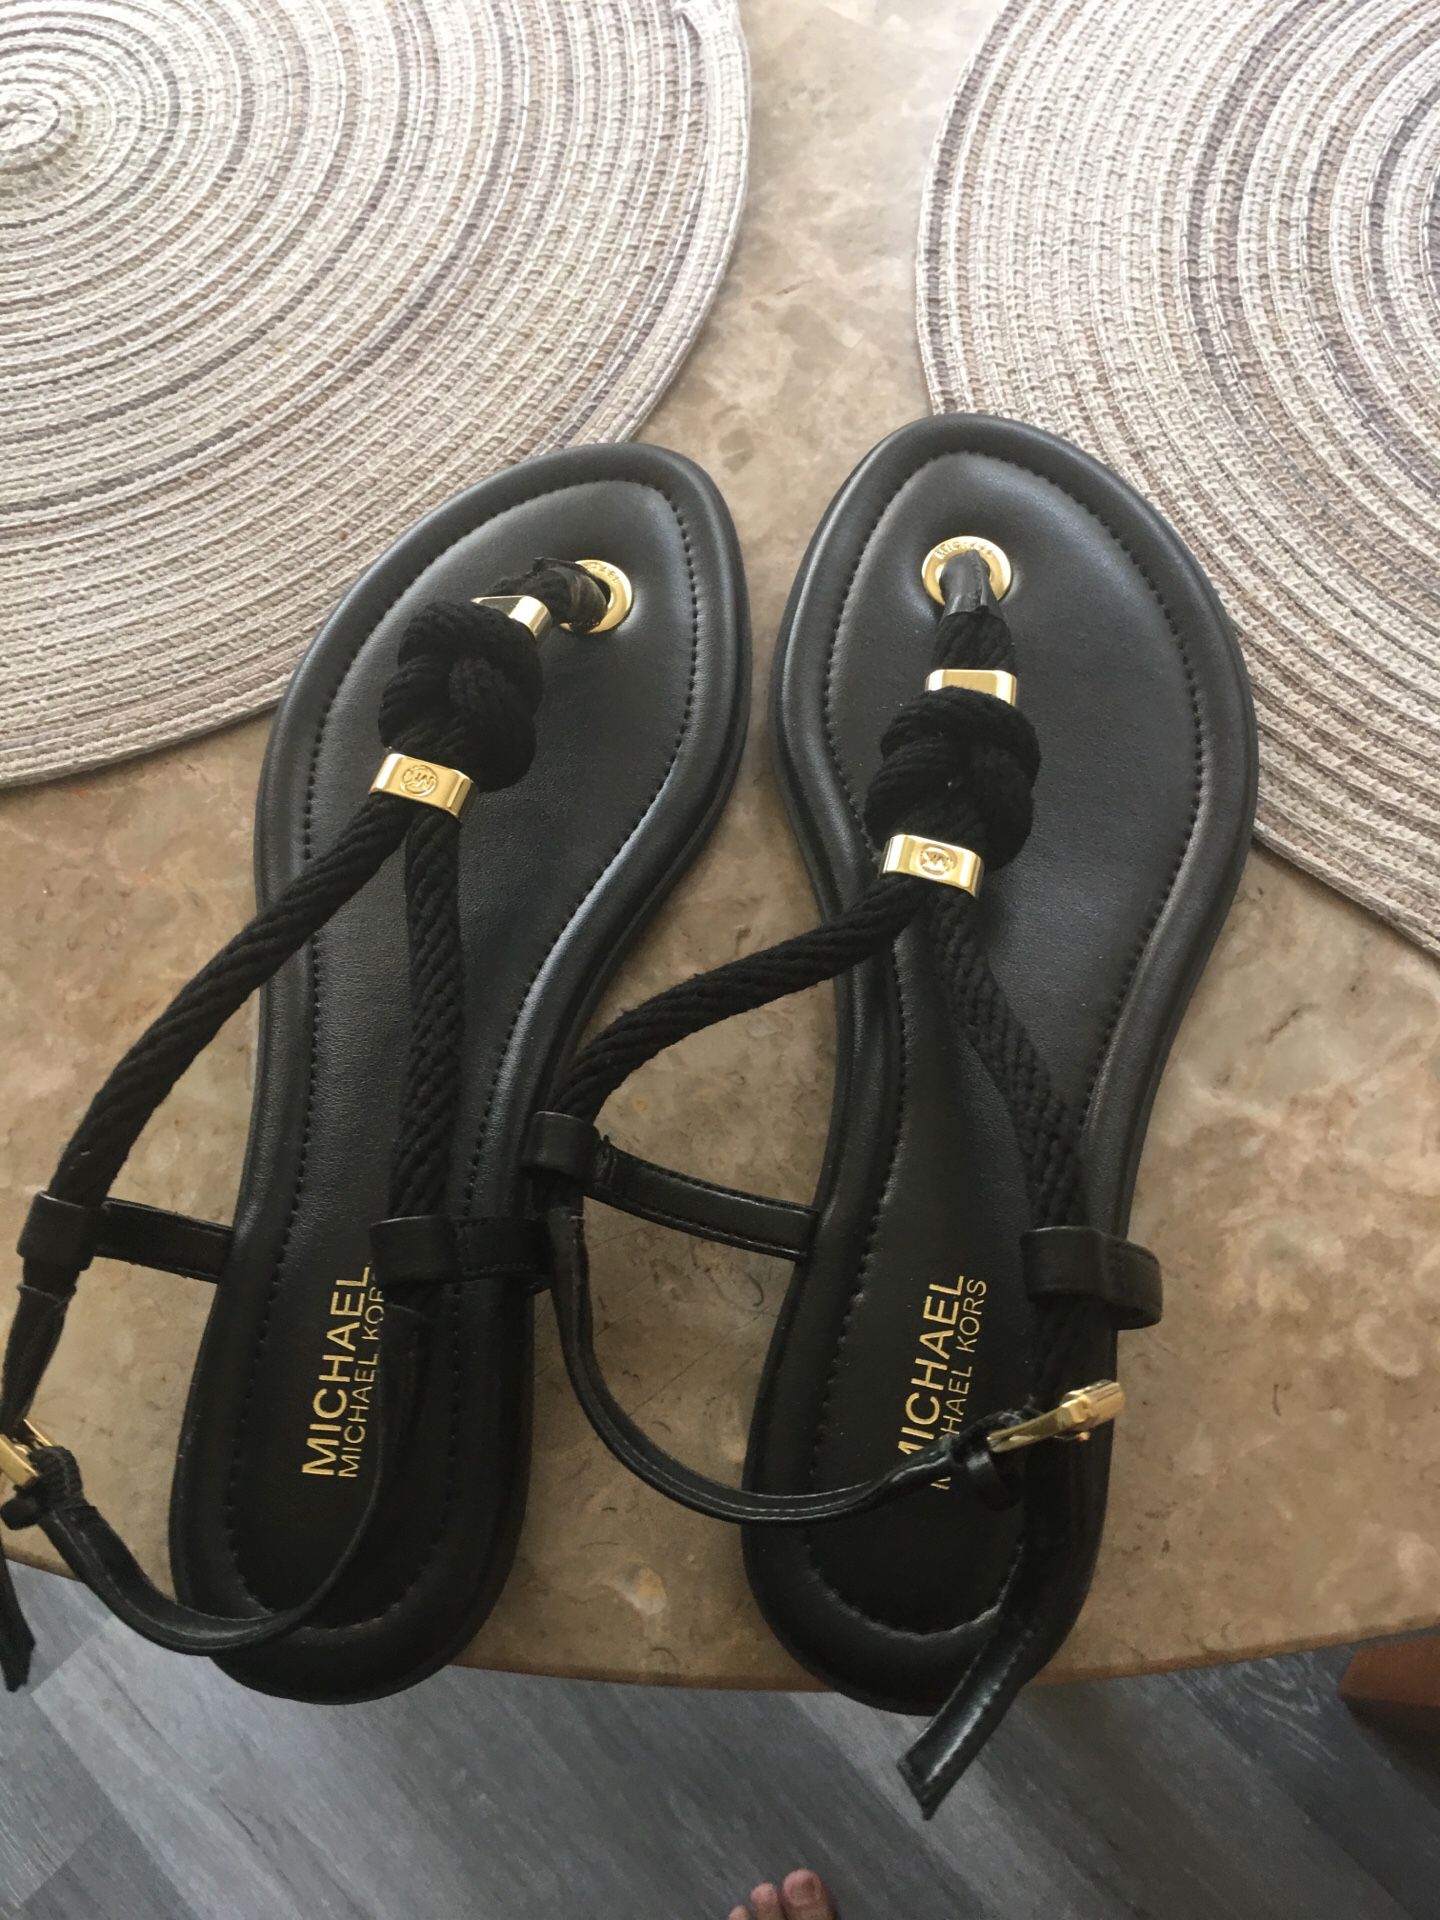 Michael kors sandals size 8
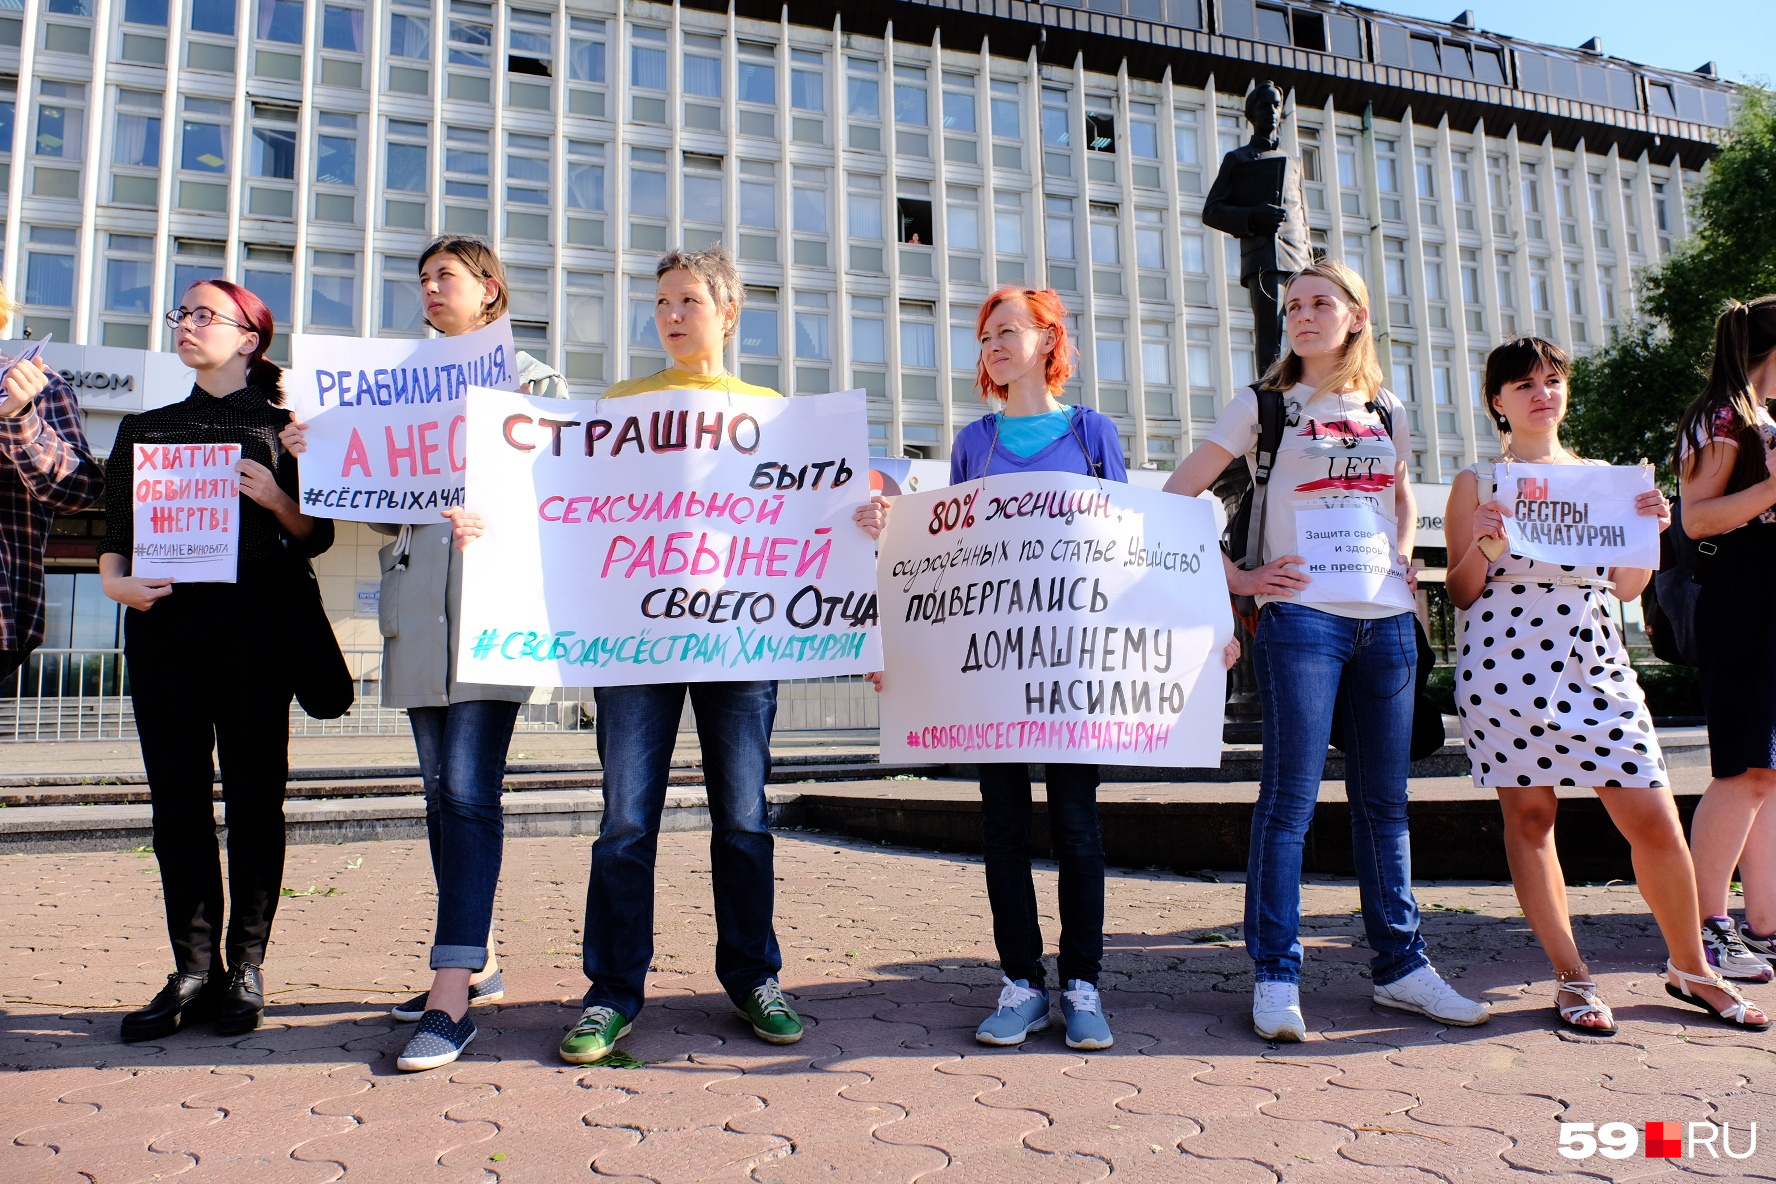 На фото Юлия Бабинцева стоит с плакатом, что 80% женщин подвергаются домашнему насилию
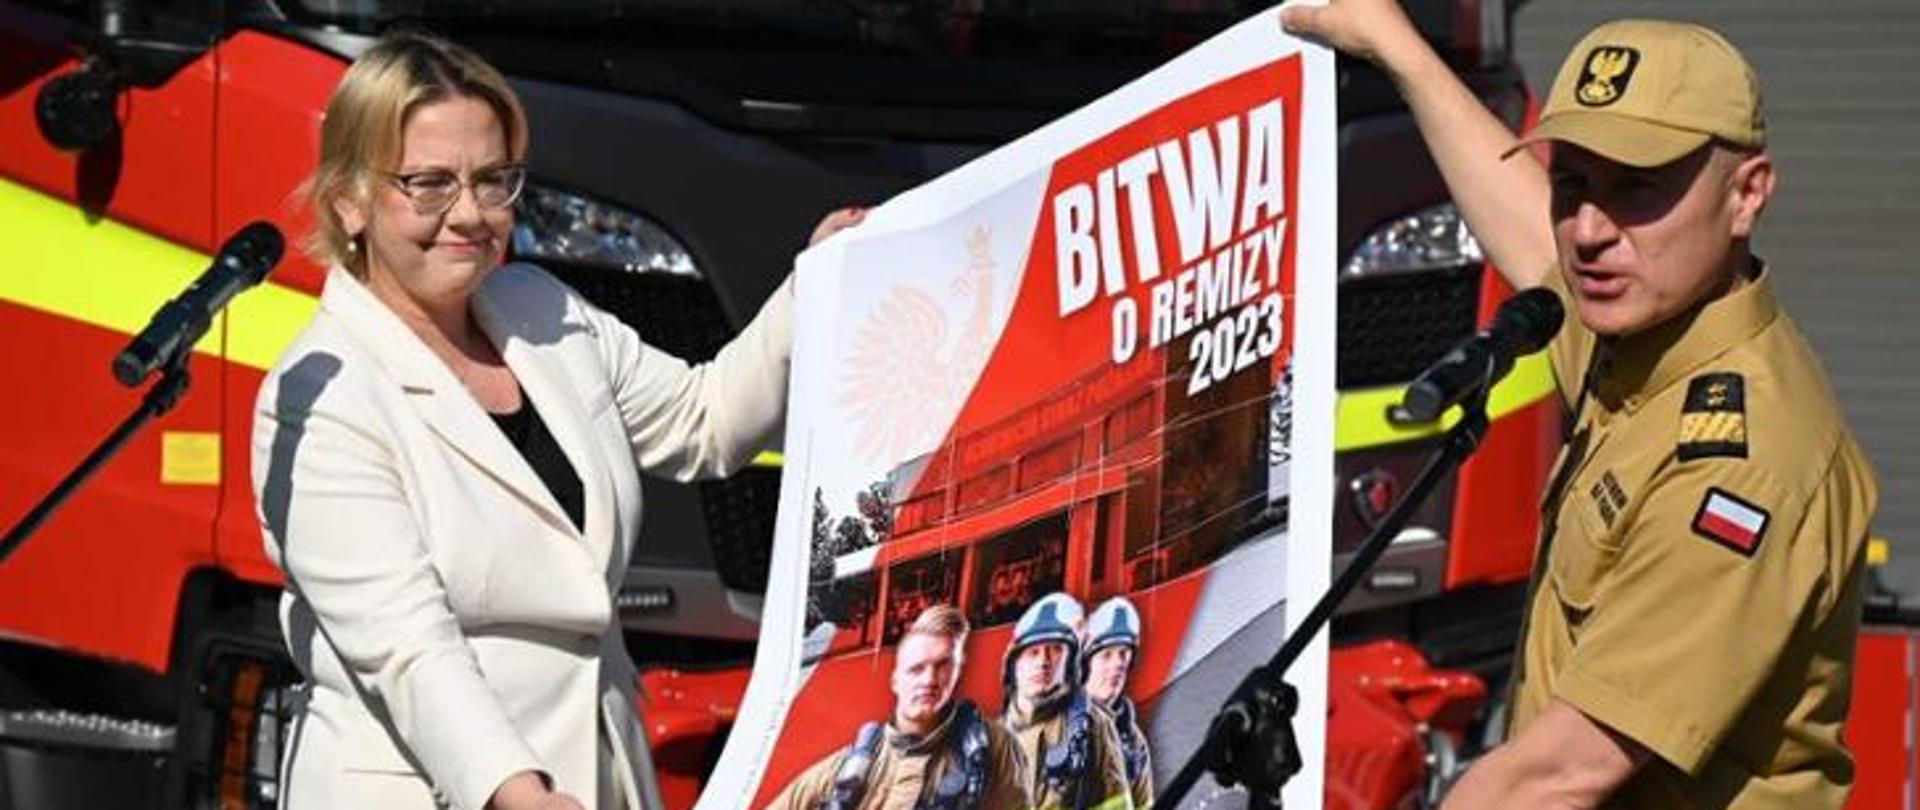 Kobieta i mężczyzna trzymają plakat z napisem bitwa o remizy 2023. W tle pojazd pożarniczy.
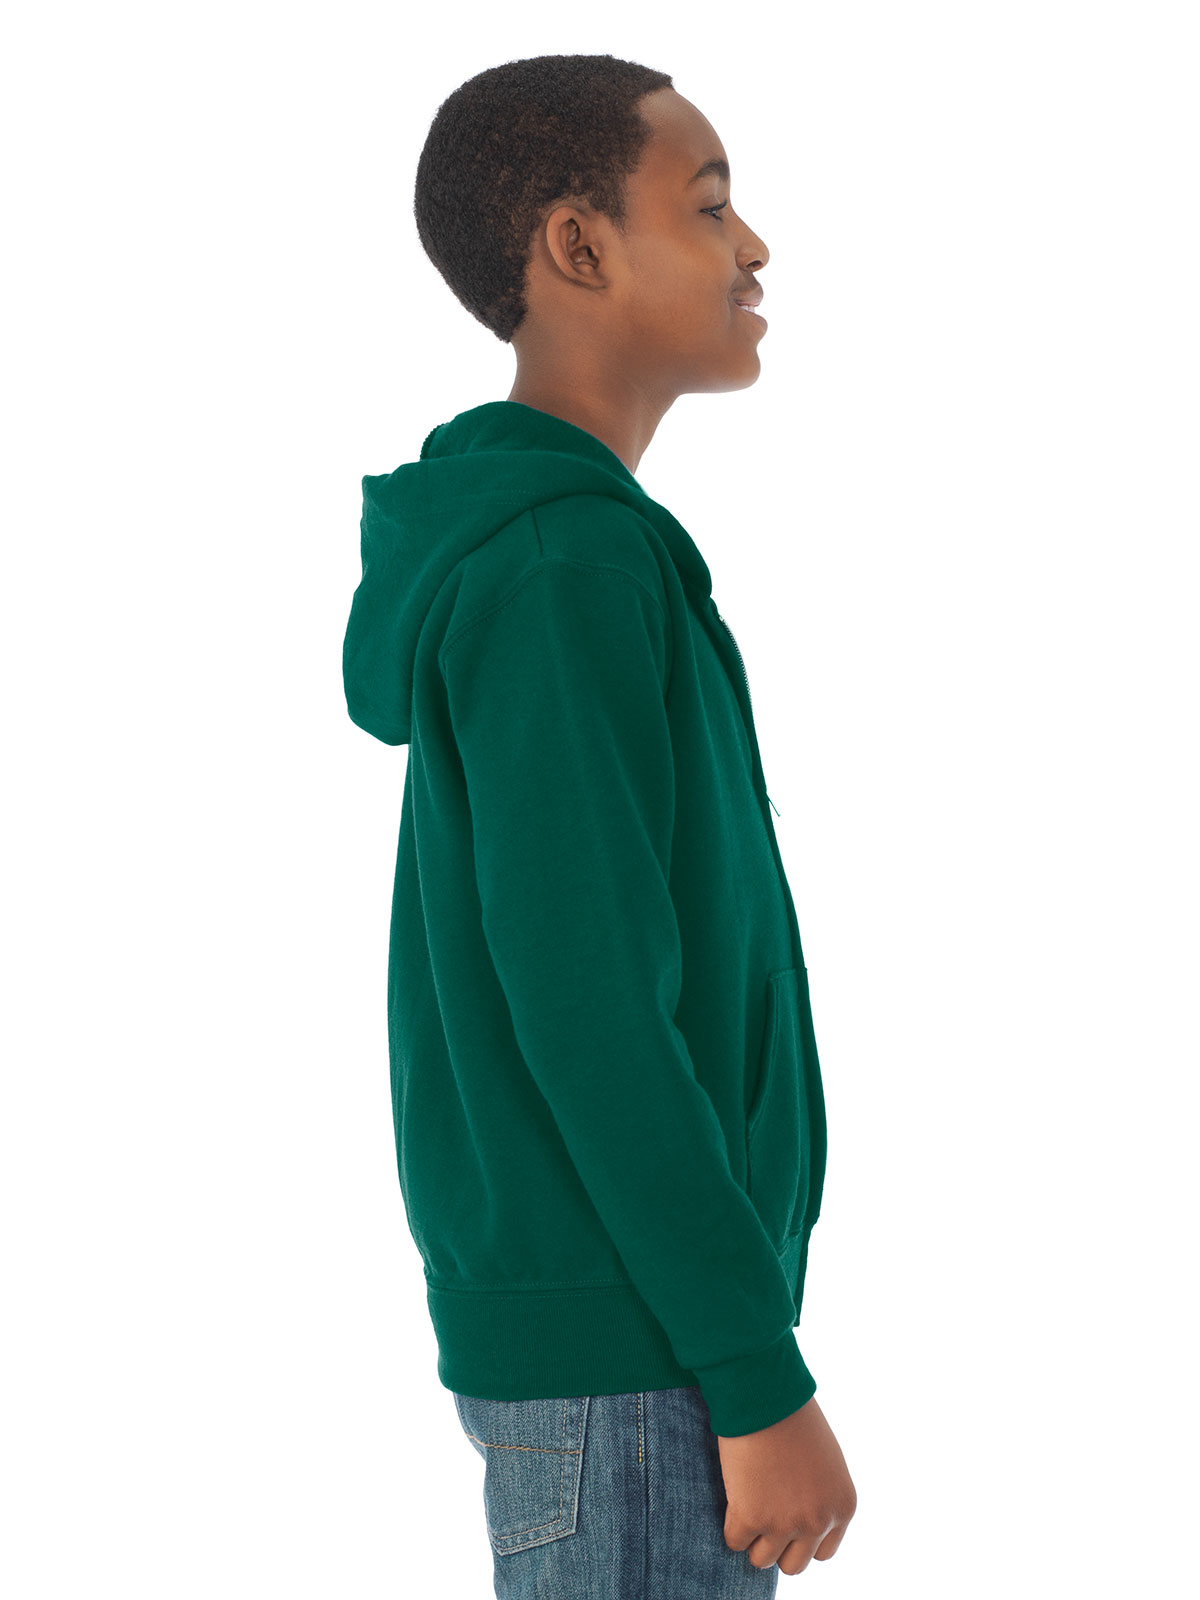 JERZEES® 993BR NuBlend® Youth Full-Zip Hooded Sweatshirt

**TASK OBJECTIVE**
From the line containing "Kobieta i mężczyzna" to the final line above, both included, transcribe every line exactly and leave all pictures out.

**ANSWER**
 Kobieta i mężczyzna trzymają plakat z napisem bitwa o remizy 2023. W tle pojazd pożarniczy.
 JERZEES® 993BR NuBlend® Youth Full-Zip Hooded Sweatshirt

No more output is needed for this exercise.